F8 spans 186,000 base pairs on the X chromosome. The gene includes 26 exons and produces an 8 kilobase mRNA and a mature FVIII protein of 2,332 amino acids (Gitschier, et al., 1984). Sequencing of the F8 cDNA has revealed a repeating domain structure (A1-A2-B-A3-C1-C2). FVIII is sensitive to proteolytic cleavage, with the majority of circulating FVIII consisting of heavy chains (A1, A2, and B domains) and light chains (A3, C1, and C2 domains) (Graw, et al., 2005). During clot formation, FVIII is proteolytically cleaved at the A2/B junction in order to open binding sites and allow for interaction with other proteins important in clot formation. Thus, the B domain is believed unnecessary for protein activity (Ogata, et al., 2011; Pipe, 2009).

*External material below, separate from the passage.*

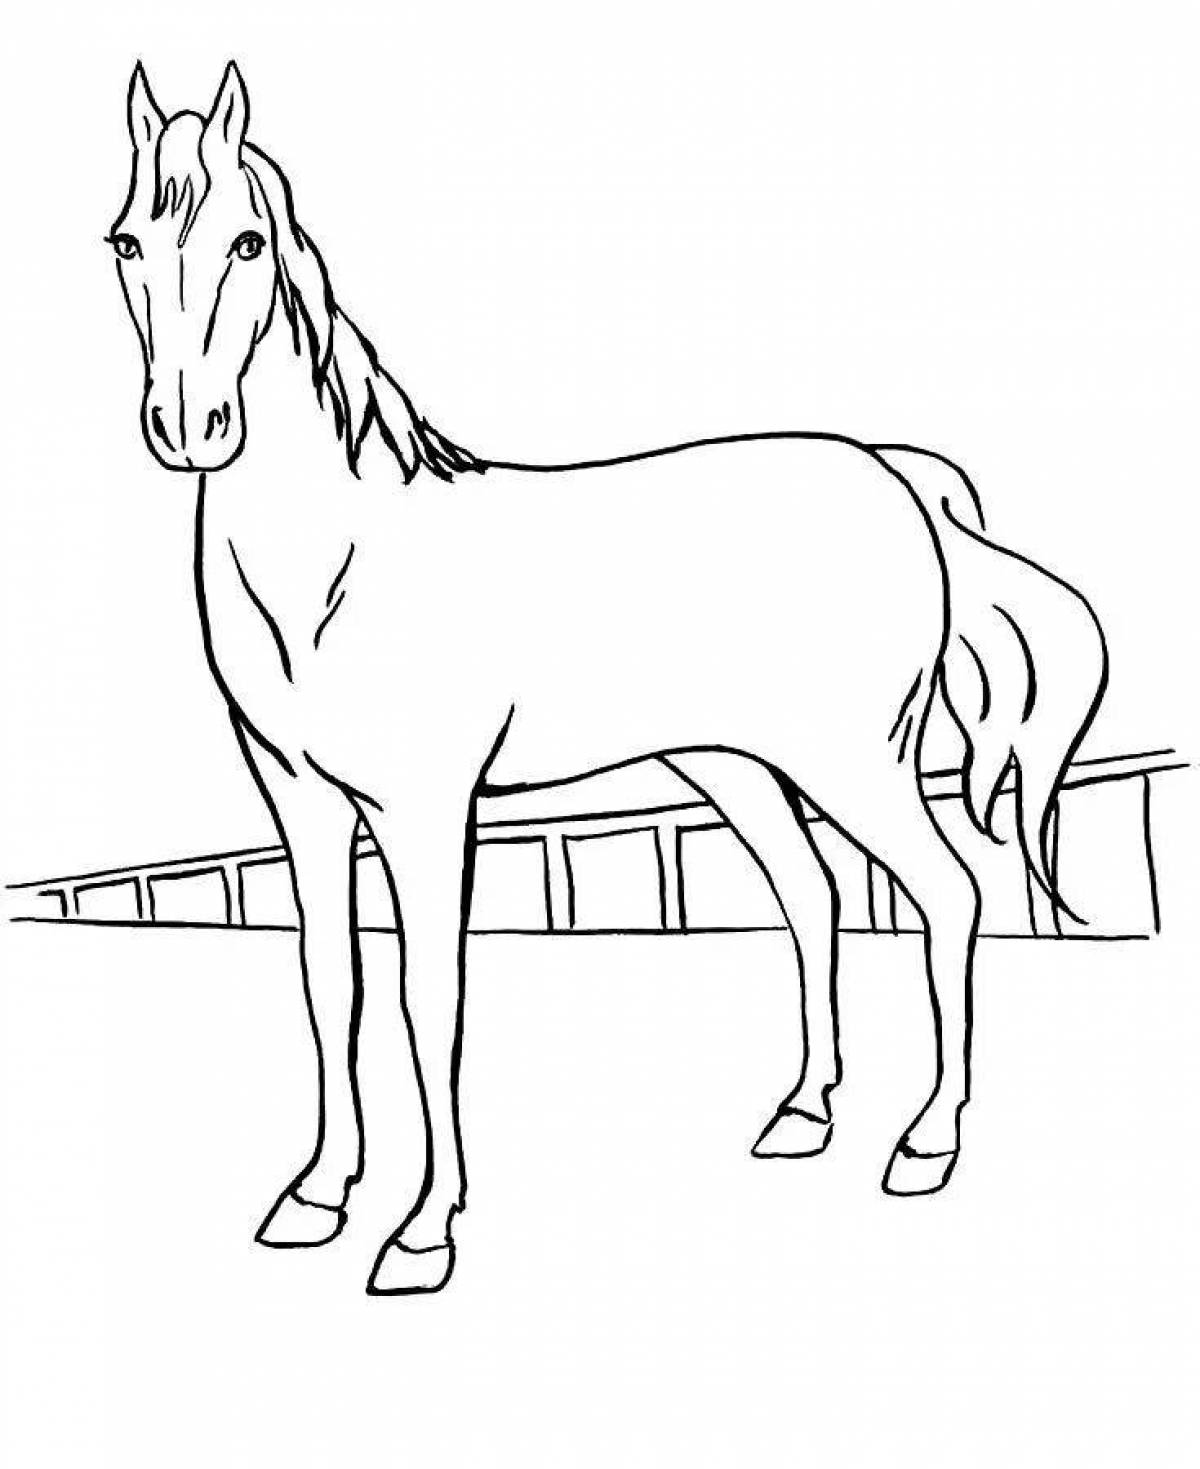 Majestic palomino horse coloring book for kids

Because F8 is located on the X chromosome, HA predominately affects males who either inherit a mutation in F8 from their mother or develop a de novo mutation. Rarely, females are affected with HA as a result of skewed X-chromosome inactivation or inheritance of two aberrant F8 alleles from their mother and father.

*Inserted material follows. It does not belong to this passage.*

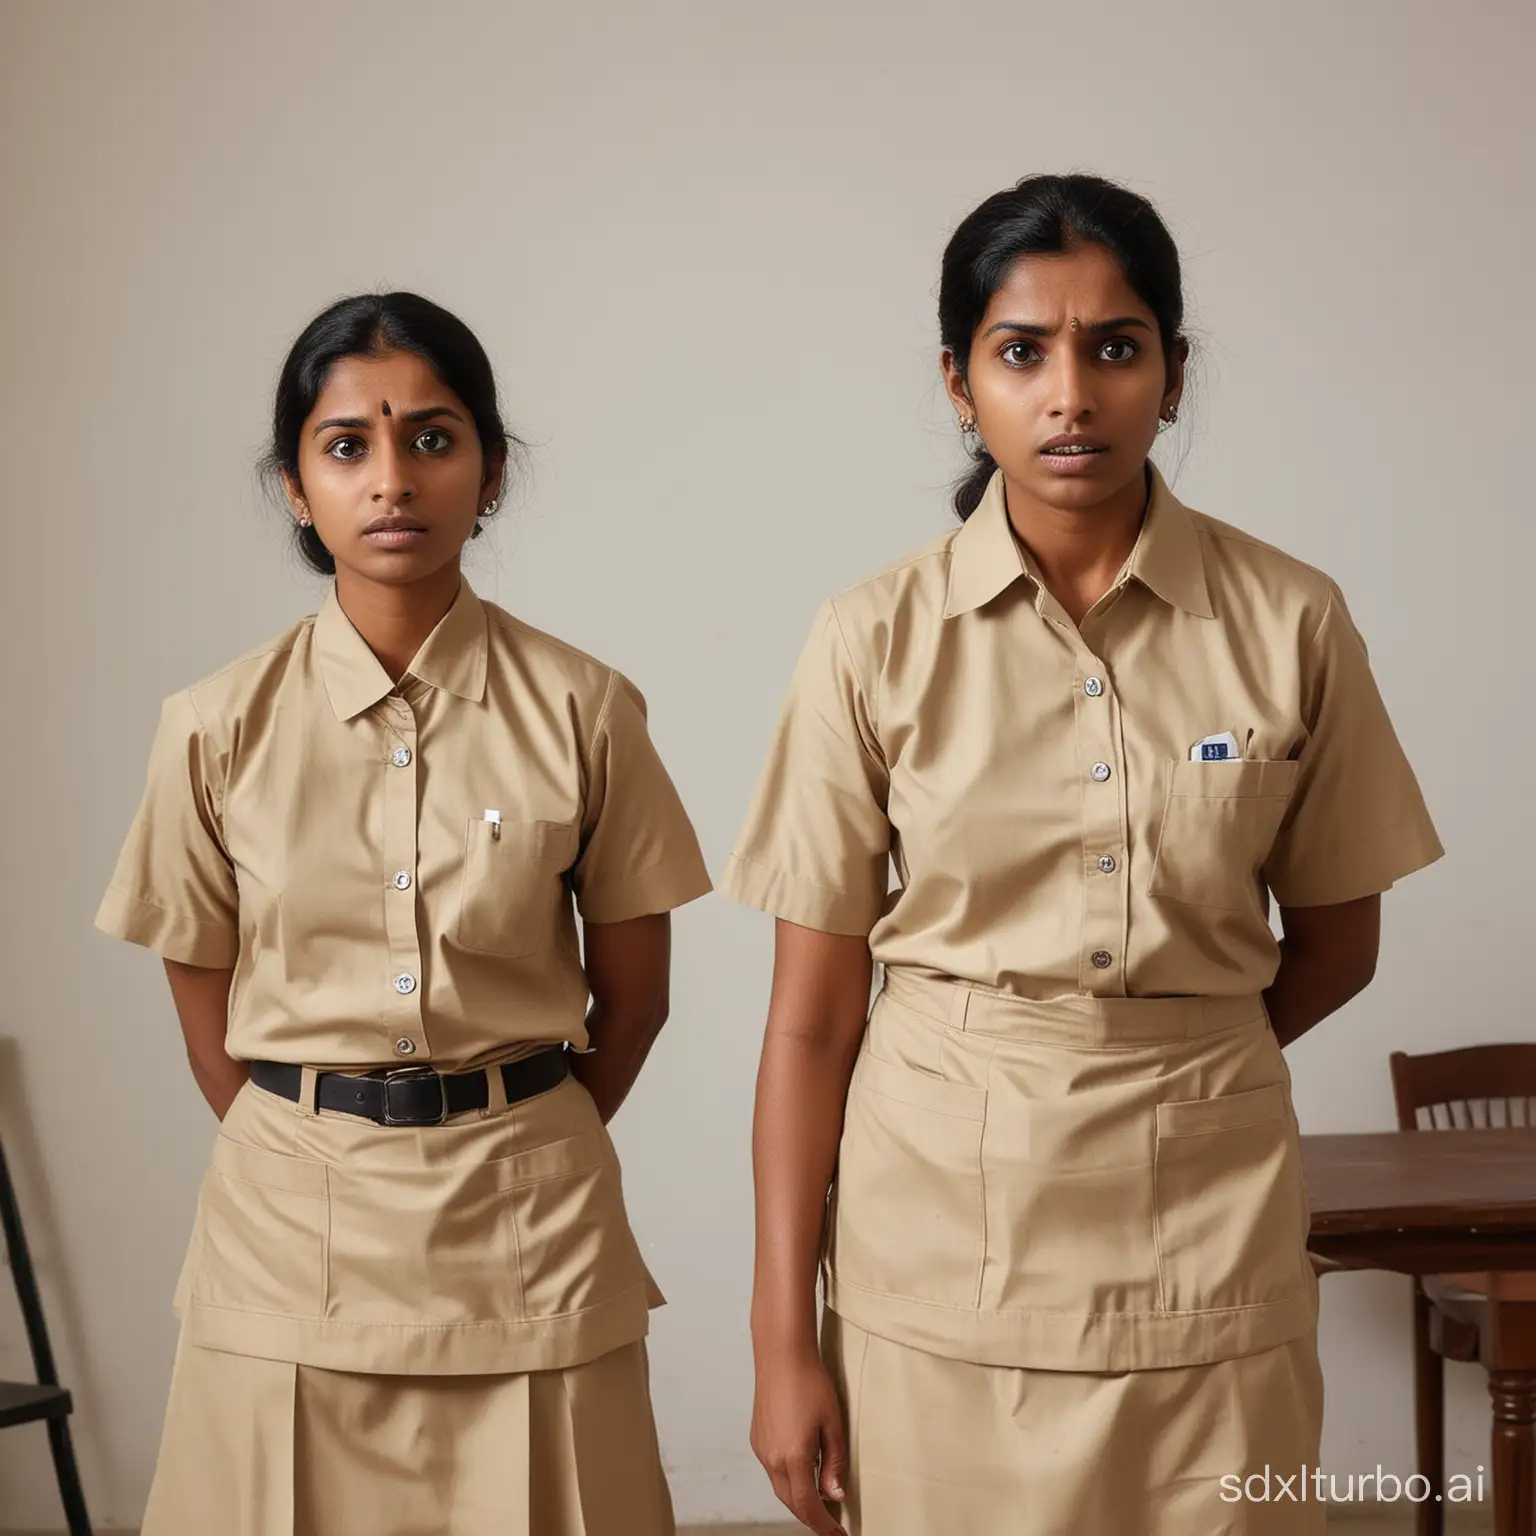 Indian-Housekeepers-in-Uniform-Expressing-Shock

Mutations reported to cause HA may be characterized by 6 mechanisms: deletion, duplication, insertion, insertion/deletion, inversion, and substitution. These mutation mechanisms can lead to a shift in the reading frame (frameshift mutation), a large structural change in the gene, the replacement of an amino acid with a different amino acid (missense mutation), the replacement of an amino acid with a premature stop codon (nonsense mutation), a small structural change in the gene, an alteration of a splice site, a change in the promoter region of the gene, or a synonymous change whose effects on the mature protein remain unclear. It is estimated over 40% of severe HA cases are caused by inversions within the F8 gene, with the next most-common mutation mechanism being substitution (Miller, et al., 2012).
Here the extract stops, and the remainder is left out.